Typically, grid connected inverters have a lifespan ranging from 10 to 20 years. You should expect most good quality units to last 10 years minimum.

Solar inverters have warranties ranging from 5 to 12 years with an increasing number of manufacturers offering pay for service warranty extension. Most retailers are now offering 8 to 10 years warranty. Obviously, the longer the warranty the more protection you have.

So check out the warranty of the unit and balance this against other features of your system to help you make an informed decision as to which is the best solar inverter for you.

f) Is the inverter expandable?

This is an important consideration if you’re intending to expand your solar power system in future.

The best solution at present would be to consider a multiple MPPT (Maximum Power Point Tracking) inverter. These solar inverters have multiple MPPT trackers allowing you to add additional solar PV arrays at a later date or to install arrays at different orientations. This will enable you to easily add a new string of panels (even if the new panels are not exactly the same as the original modules) to your current system.
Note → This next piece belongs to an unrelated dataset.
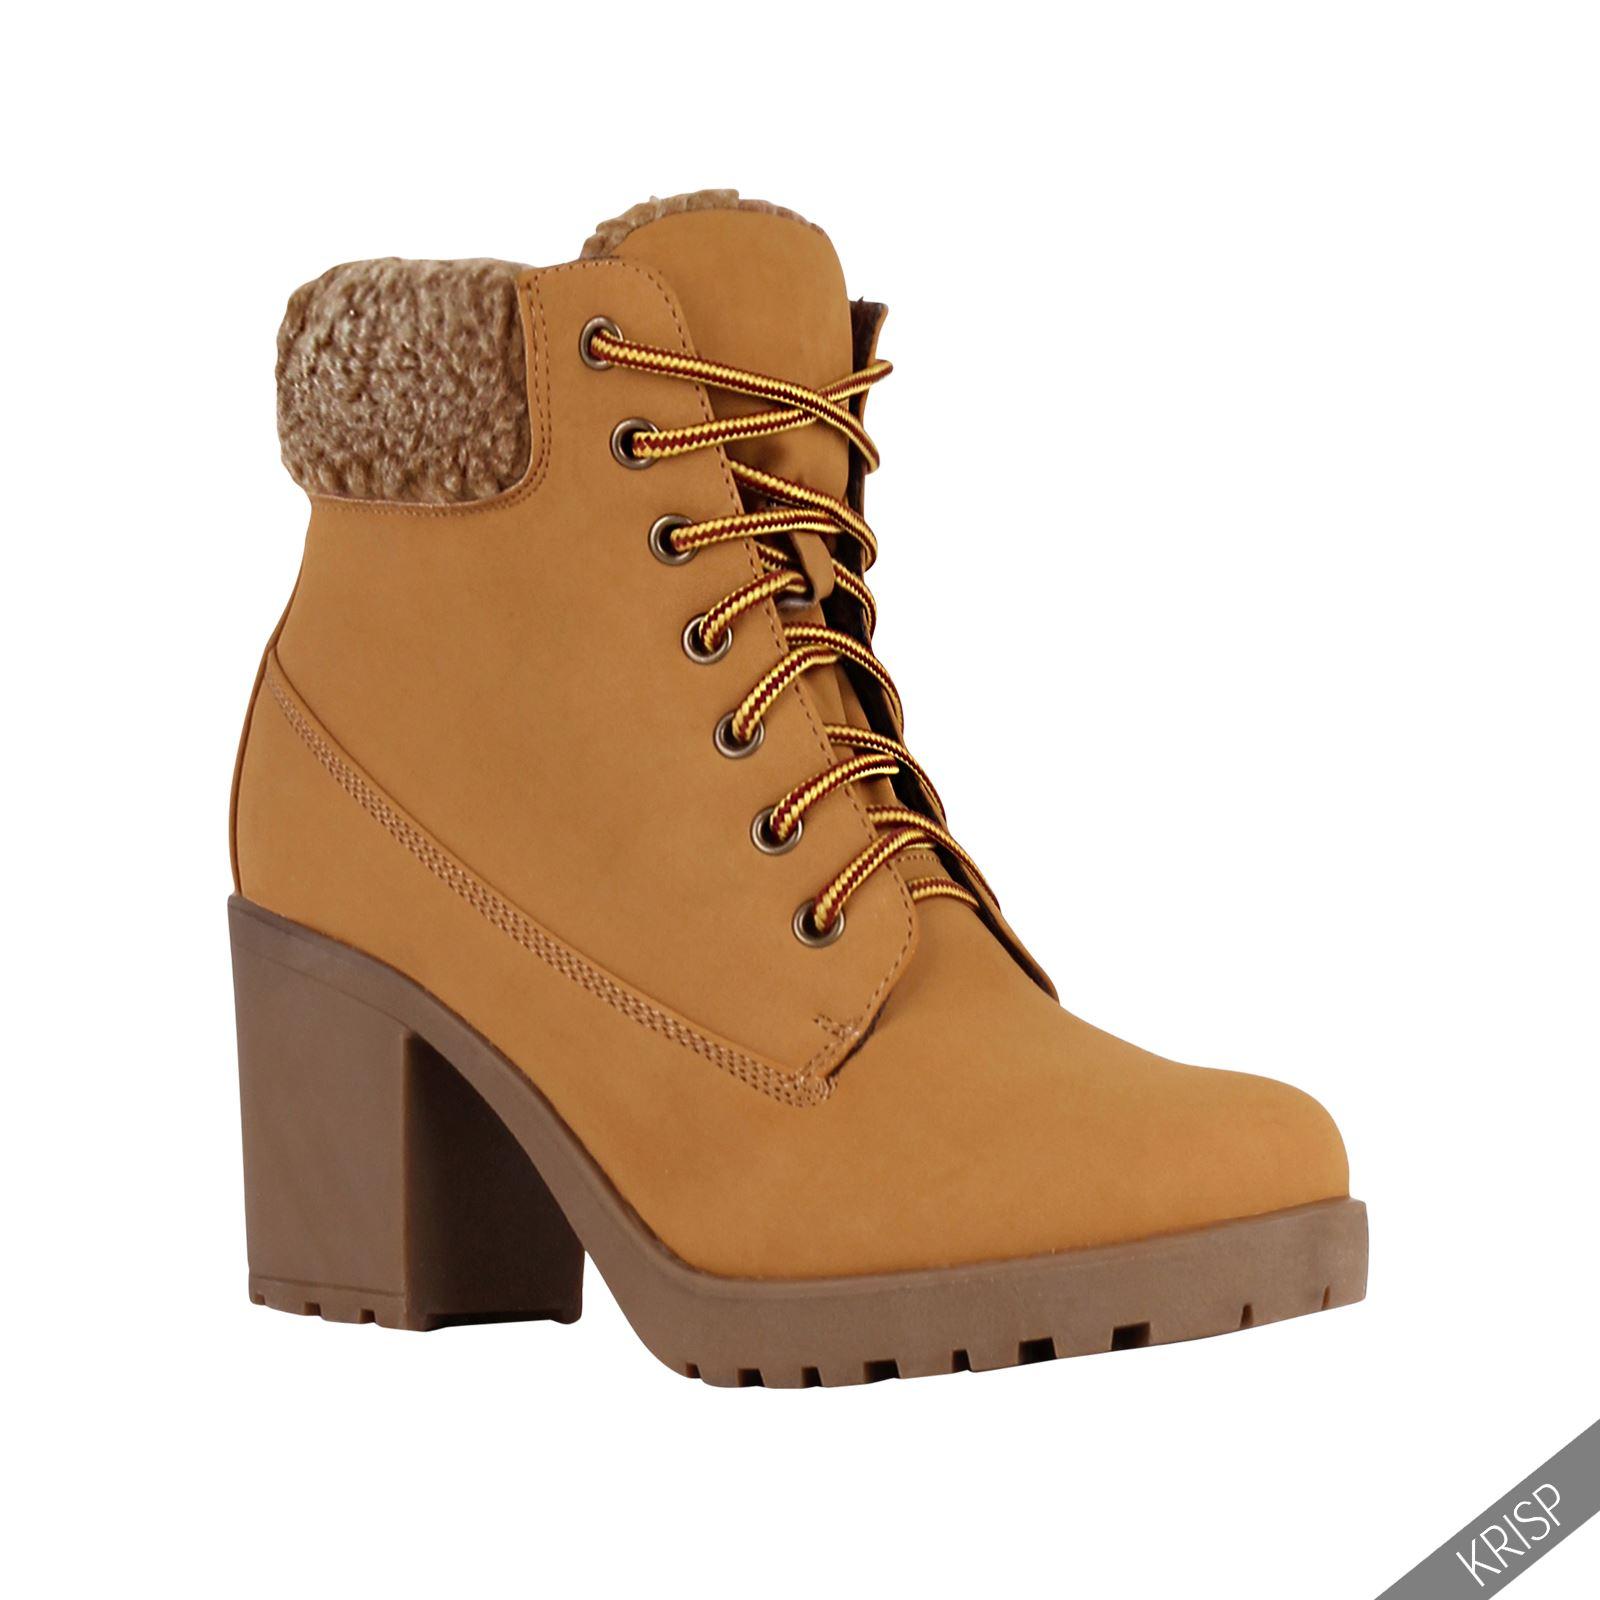 Botines-Mujer-Camel-Bota-Plana-Suela-Goma-Cordones-Casual-Otono-Invierno-Tacon miniatura 27
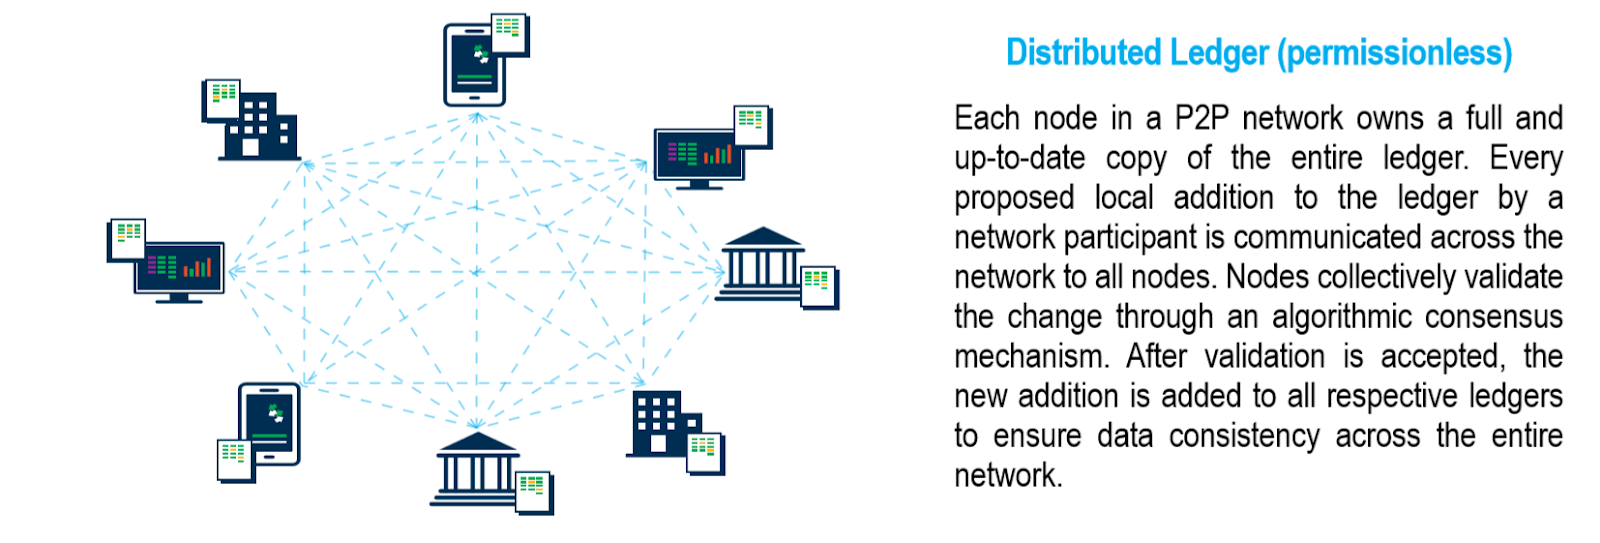 A permissionless blockchain is a public distributed ledger.

Some solar panels have a small MPPT inverter attached to the rear of the module, typically called micro inverters. These potentially enable different models of solar panel to incorporated in the same solar power system, overcome shading issues and make individual solar panel monitoring possible. There is an rapidly increasing trend towards these products in the USA and they are being more widely used in Australia.
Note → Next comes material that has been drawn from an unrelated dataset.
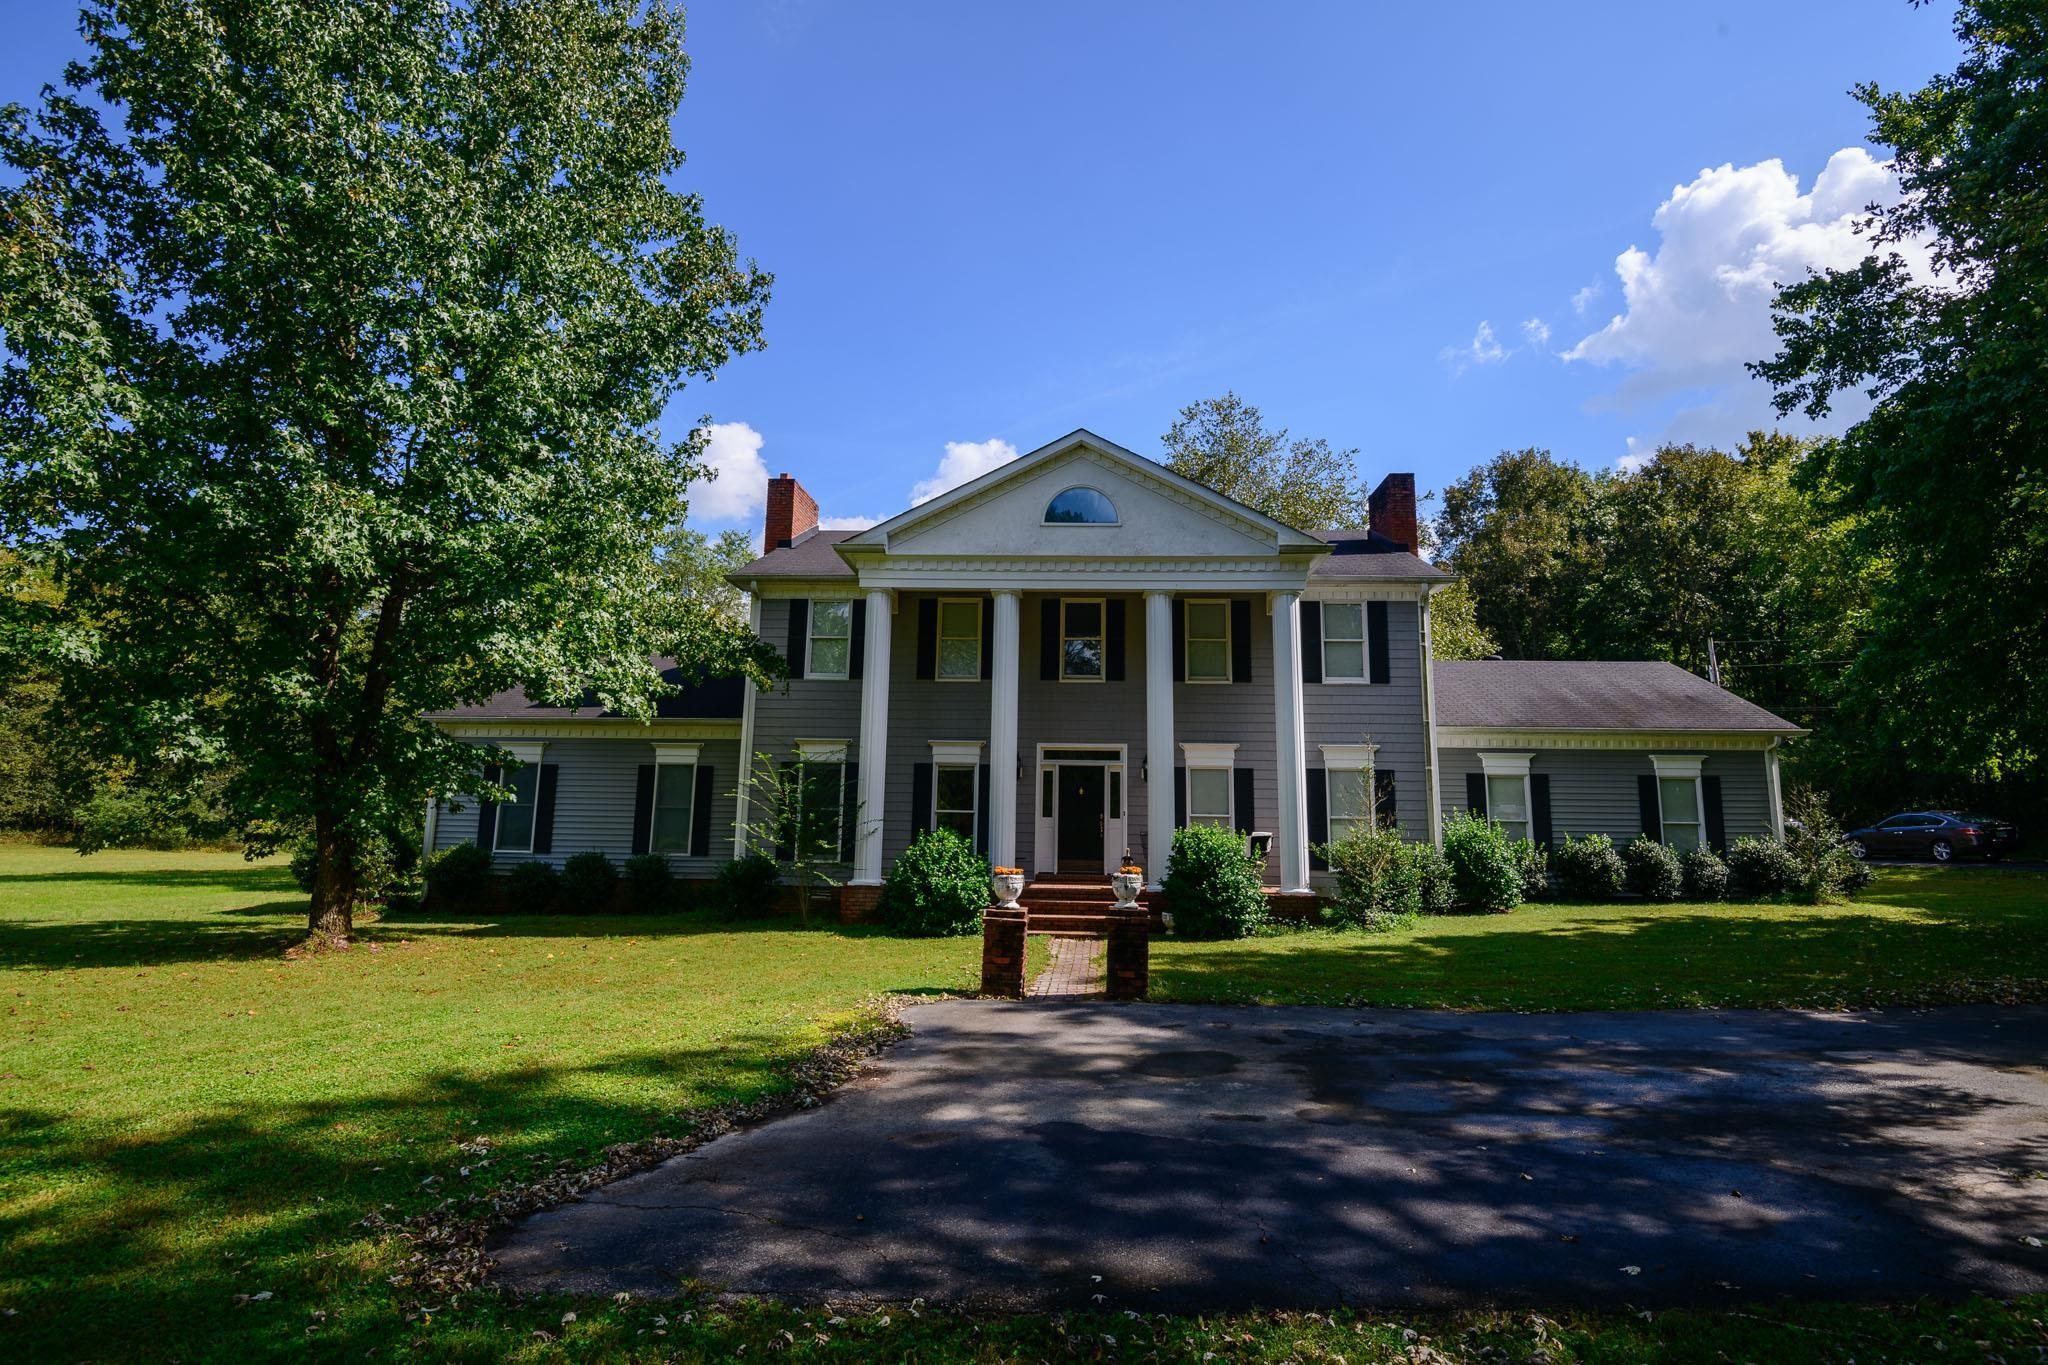 275 Clift Ln, Hartsville, TN 37074 - Hartsville, TN real estate listing

g) What about the display?

Most solar inverters have display lights indicating whether the unit is on, off or in standby. They can also have digital displays (often scrolling displays) that indicate some  or all of the following information:

  • the amount of energy (kilowatt hours) you have generated on a daily basis,
  • the amount of electricity (kilowatt hours) you have produced since the unit was installed,
  • the amount of power (kilowatts) the unit is currently generating,
  • the number of hours the unit has been producing power,

Some of this information (e.g the total amount of energy generated) is also available on your meter.
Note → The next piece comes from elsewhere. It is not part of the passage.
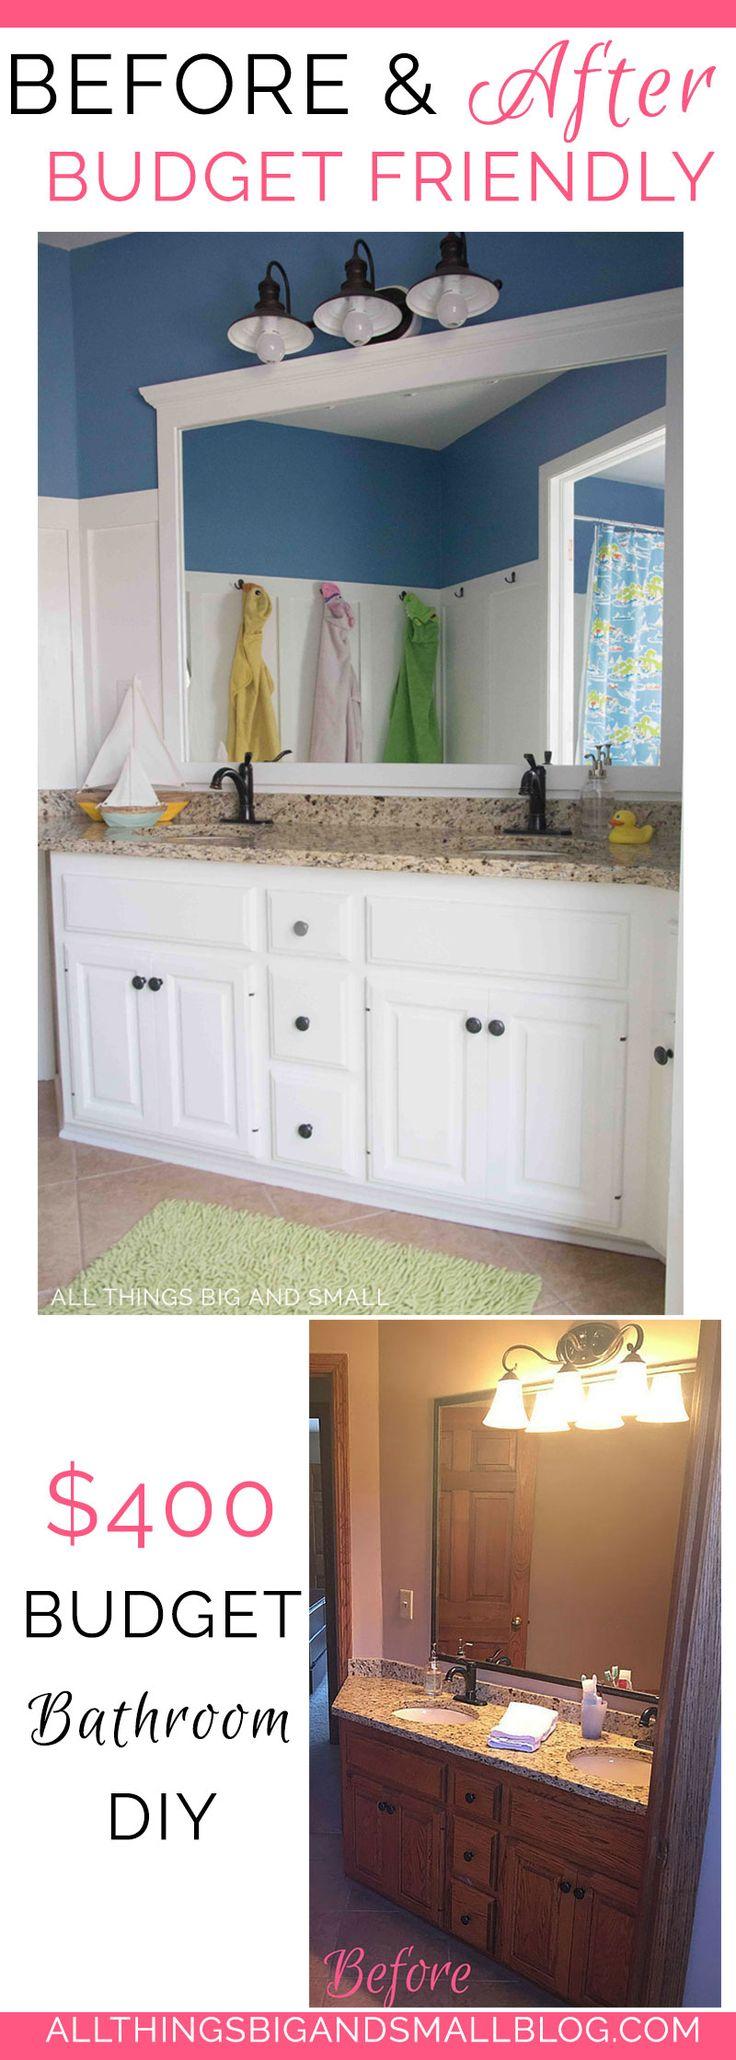 budget friendly bathroom | DIY bathroom | How to Paint Cabinets | Bathroom DIY | ALL THINGS BIG AND SMALL

Some meters also offer a data-logging feature enabling you to download information to a computer, or transmit it over Bluetooth or your Wi Fi network. This means you can see your power information on your PC, smartphone or on a special in-home display.

I personally don’t want to look in the meter box (or wait for the bill) to see if my system is performing properly. I want to have a remote monitor in the house that I can check every day. So I think remote monitoring / data logging is a must.

If your supplier wants to charge you more than about $250 for remote monitoring, then you may want to consider doing it yourself.

h) How efficient is a grid connected inverter?

Inverter efficiency is a measure of how well a device converts the electricity it receives from the solar panels into power available to your home or to export to the mains electricity grid. Most grid connected transformer based solar inverters (very, very few of these are sold these days) have an efficiency of around 93% or better, while transformerless devices are typically around 95% or better.

Efficiency would only be a factor if two similar solar inverters had significantly different efficiency.

How To Spot A Bad Solar Inverter

Most solar inverters supplied by reputable retailers in Australia are OK. But there are some horrible devices that have somehow manage to pass Australian compliance testing.

Before you consider buying a very cheap solar inverter – check out my ever growing list of solar inverter reviews. These reviews are submitted by Australians who have owned the inverter for at least 12 months. If there are lots of 1 and 2 star reviews, this usually means the components are failing in the first 12 months. Not a good sign! 

Next, have a look at my solar inverter comparison chart. It compares independent efficiency measurements of lots of models. A very low efficiency is a bad sign.

It’s also worth checking some of the forums (such as Whirlpool) that discuss such topics.

Also, walk away if there is no written warranty offered on the solar inverter or no specification sheet is supplied. Make sure the organisation issuing the warranty has an Australian office – you don’t want to be calling Shanghai (or Munich) to get a new one!